Here are some of the financial investments and policy provisions included in the bill: 

  • $50 million for the Corridors of Commerce program, originally formed in 2013, aimed at supporting highway investment programs that would allow for increased economic growth. A list of previous Corridors of Commerce projects can be found online and include a reconstruction project on Snelling Avenue and a lane expansion between Rice Street and Lexington Avenue in St. Paul. 
  • A study of climate mitigation and adaptation efforts at Minneapolis–Saint Paul International Airport focusing on several goals to be met by 2030 related to:
    • A reduction in greenhouse gas emissions.
    • A reduction in per-passenger water usage.
    • Waste diversion.
  • A requirement that the Metropolitan Council study public transportation post-COVID, though no funding is provided and the transportation omnibus bill requires that the Metropolitan Council pay for the study itself. 
  • A new retroactive driver’s license reinstatement provision that would require the development of a remote application process for driver’s license reinstatement.
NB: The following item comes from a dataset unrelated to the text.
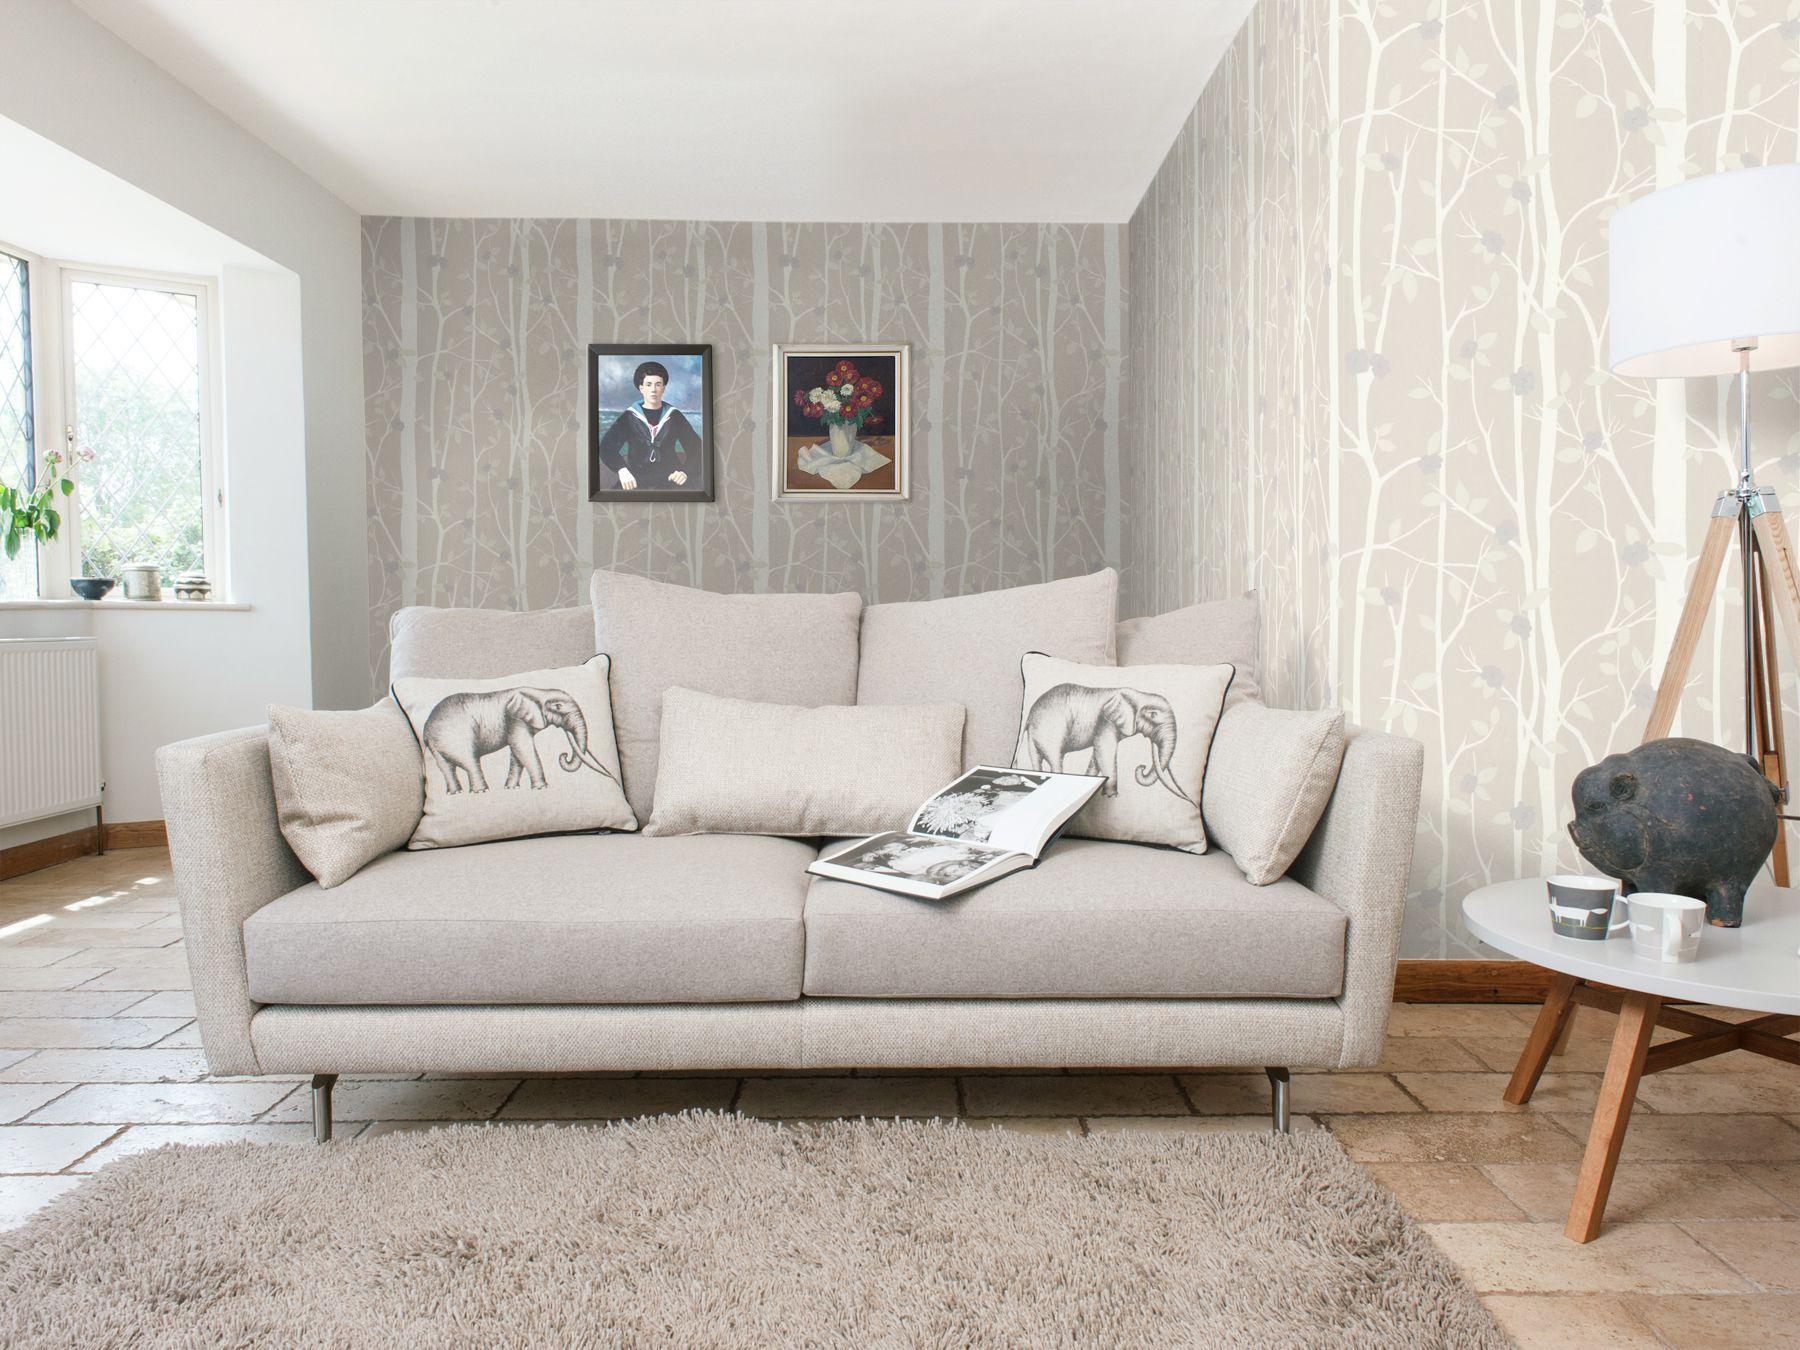 Living Room Ideas Laura Ashley cottonwood roomset image | living room | pinterest | laura ashley

  • A requirement that the Blue Line light rail project extension office hold quarterly community meetings in the impacted Minneapolis communities of Willard-Hay, Jordan, Lyn-Park and Near North. The bill also requires that, by July 1, 2023, the project office — working with community groups — must have developed an engagement framework. 
  • A requirement that the Metropolitan Council expand pedestrian and bicycle trails alongside specific routes laid out in the legislation, working alongside the Hennepin County Regional Railroad Authority, the Ramsey County Regional Railroad Authority, local government and impacted property owners. 
  • “Subject to available funds,” Metropolitan Council is tasked with developing a pilot program aimed at expanding the work of the Metro Mobility Program. A report on the pilot program would have to be completed by Feb. 1, 2026. 
  • Using sales tax revenue, the Metropolitan Council is tasked with developing a pilot program aimed at implementing transit fare elimination along routes laid out in the bill, and the completion of a report studying transit fare elimination by Feb. 15, 2025. 
  •  The establishment of a Metropolitan Governance Task Force to study and provide recommendations related to the management of the Metropolitan Council. 
  • Nearly $26 million in funding, over the 2024 and 2025 budget years, for the Safe Routes to School program aimed at increasing transportation and transit infrastructure safety around specific schools in the state, as well as education related to transportation and transit safety around Minnesota schools. Schools would need to apply for funding, as would cities, that also have their own pot of program-specific funding. No particular schools or programs are named in the bill, outside of the line item in the appropriations section. 
  • Over $2.5 million in funding for the Department of Public Safety’s Vehicle Crimes Unit, which investigates crimes related to vehicles, including motor vehicle theft. 
  • The establishment of an Advisory Council on Transit Safety meant to advise, assist and make recommendations to the commissioners of the Department of Public Safety, Department of Transportation and Department of Health related to projects and programs aimed at improving transit safety in Minnesota.

Many provisions of the bill will become law on July 1, when the 2024 budget year begins.